Table 1 General Characteristics of the Participants Included in the Validation Study

Identification of fermented foods in the diet and comparison of mean intakes

The identification and classification of fermented foods from the FFQ and 24-h recall into food groups and subgroups, is provided in Additional file 1, Table S1. For the FFQ, 39 foods (18%) were classified as fermented, including 5 types of fermented beverages, 12 types of fermented cereals/grains, 3 types of chocolate, 17 types of fermented dairy products, and 2 other fermented products. A further 19 (9%) of foods in the FFQ food list were classified as ‘composite dishes that contain a fermented ingredient’ or ‘possibly fermented’. For the 24-h recall, 247 foods (16%) were classified as fermented, including 20 types of fermented beverages, 95 types of fermented cereals/grains, 20 types of cocoa products, 96 types of fermented dairy, 4 types of fermented fruits/vegetables, 6 types of fermented meat/fish, 4 types of fermented soya, and 2 other fermented products. A further 228 (14%) of foods in the recall food list were classified as ‘composite dishes containing a fermented ingredient’ or ‘possibly fermented’.

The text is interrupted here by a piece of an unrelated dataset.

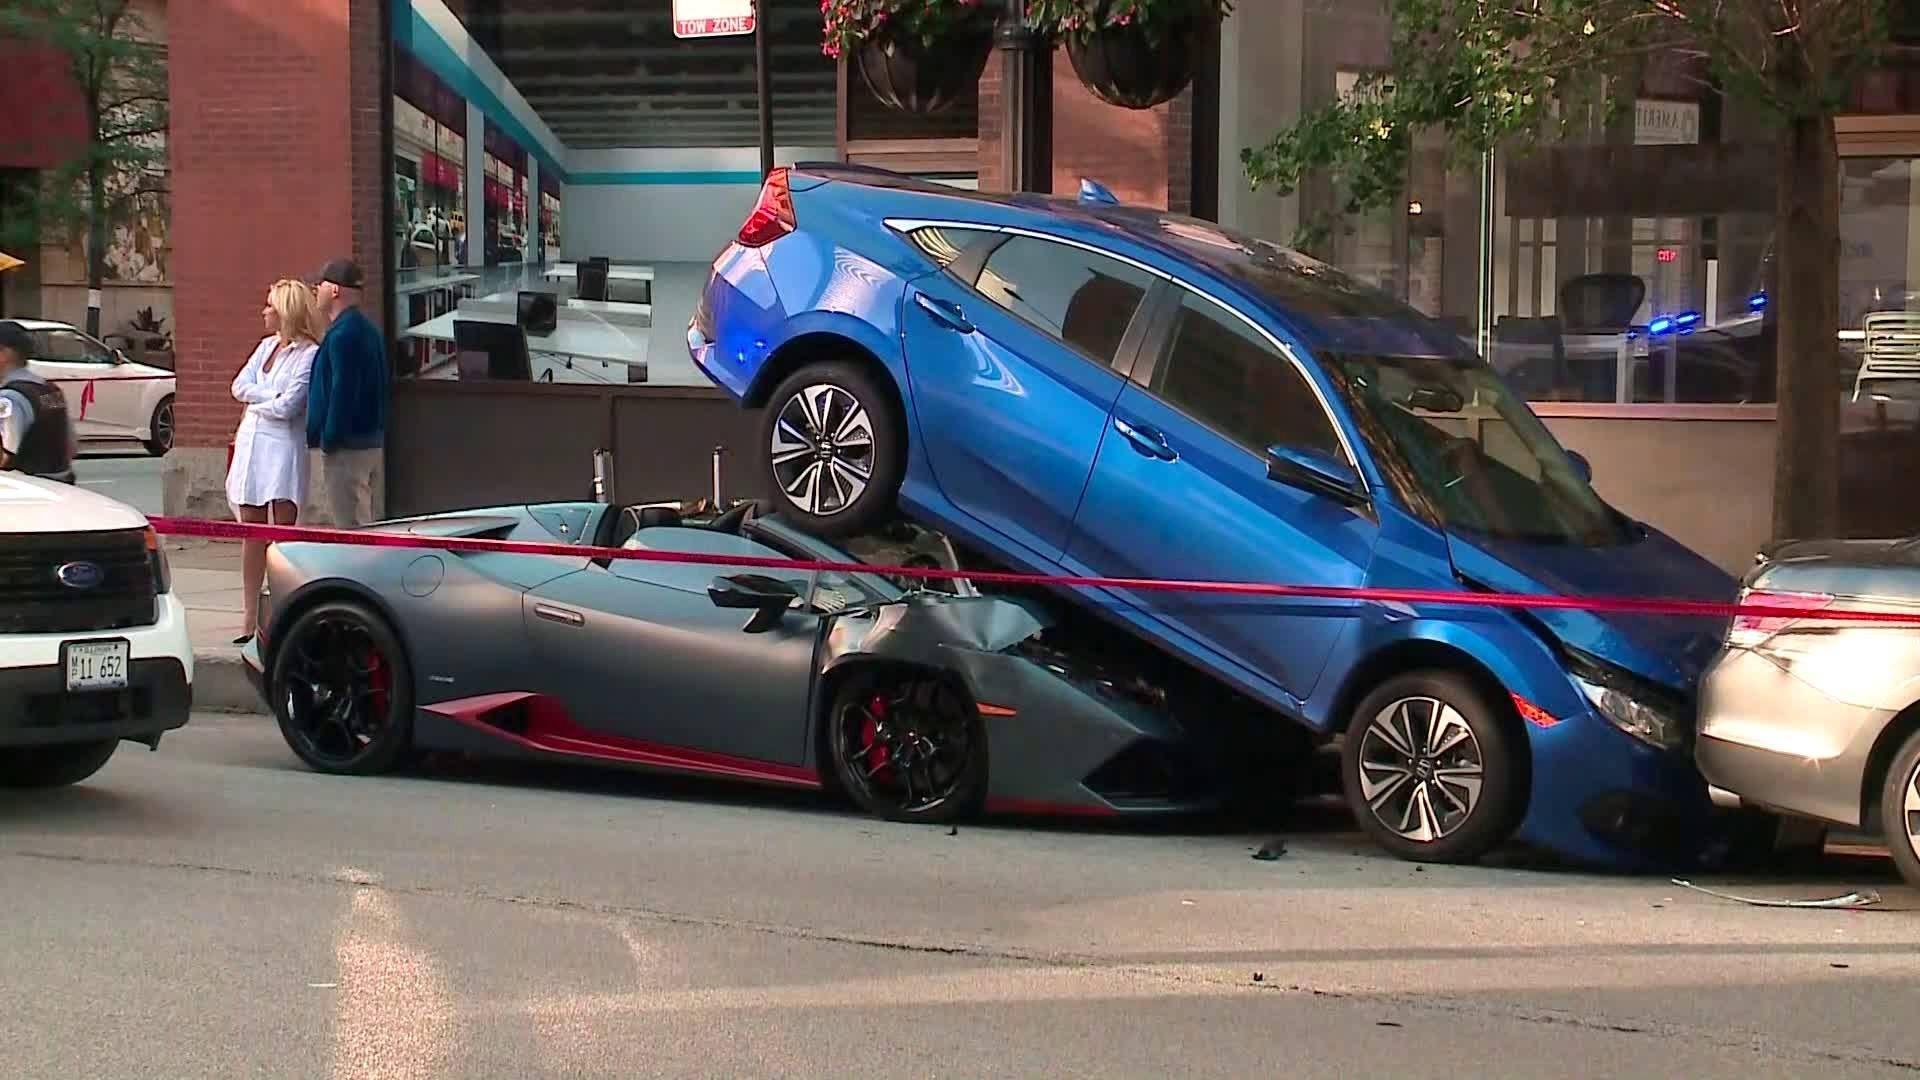 Lamborghini Huracan Lost Parkeerprobleem Effectief Op Lamborghini Huracan Honda Civic Lamborghini Huracan Spyder

Mean energy-adjusted daily intakes and percentage of average daily energy intake for each fermented food group, the number of consumers per food group, as well as the percent and absolute differences in mean intakes, are presented in Table 2. The mean daily energy intake as estimated by the FFQ was 2144 (±505) kcal/day, which was comparable to the energy intake estimated by the 24-h recalls of 2129 (±444) kcal/day (0.68% difference). Fermented food groups with the highest intakes for both the FFQ and 24-h recall were total fermented beverages (respectively, 606 and 610 g/day; the main contributor was coffee), fermented dairy (respectively, 171 and 176 g/day; the main contributor was yoghurt), and fermented cereals/grains (respectively, 129 and 143 g/day; the main contributor was wholegrain bread). When expressed as a percentage of average daily energy intake, the main contributor changed for total fermented beverages to wine (respectively, 2.6 and 2.8%, for the FFQ and 24-h recall), and for total fermented dairy to cheese (respectively, 4.9 and 5.2%). For fermented cereals/grains, the main contributor remained wholegrain bread (respectively, 9.5 and 9.3%). Taking into account all fermented food groups, the mean percent (and absolute) difference between the FFQ and the 24-h recall data ranged from 0.3% (0.1 g/day) for cheeses to 10,224.4% (41.9 g/day) for buttermilk. Mean intakes were similar between the FFQ and 24-h recall methods for total fermented beverages (percent difference of − 0.7%) and in particular coffee (2.1%), fermented cereals and grains (− 9.7%), with smaller differences for specific assessments of brown bread, wholegrain bread, and rye breads, and total fermented dairy (− 2.8%), particularly for cheeses (− 0.3%). On the contrary, percent differences in mean intake for buttermilk, quark, and white bread were large (≥53%).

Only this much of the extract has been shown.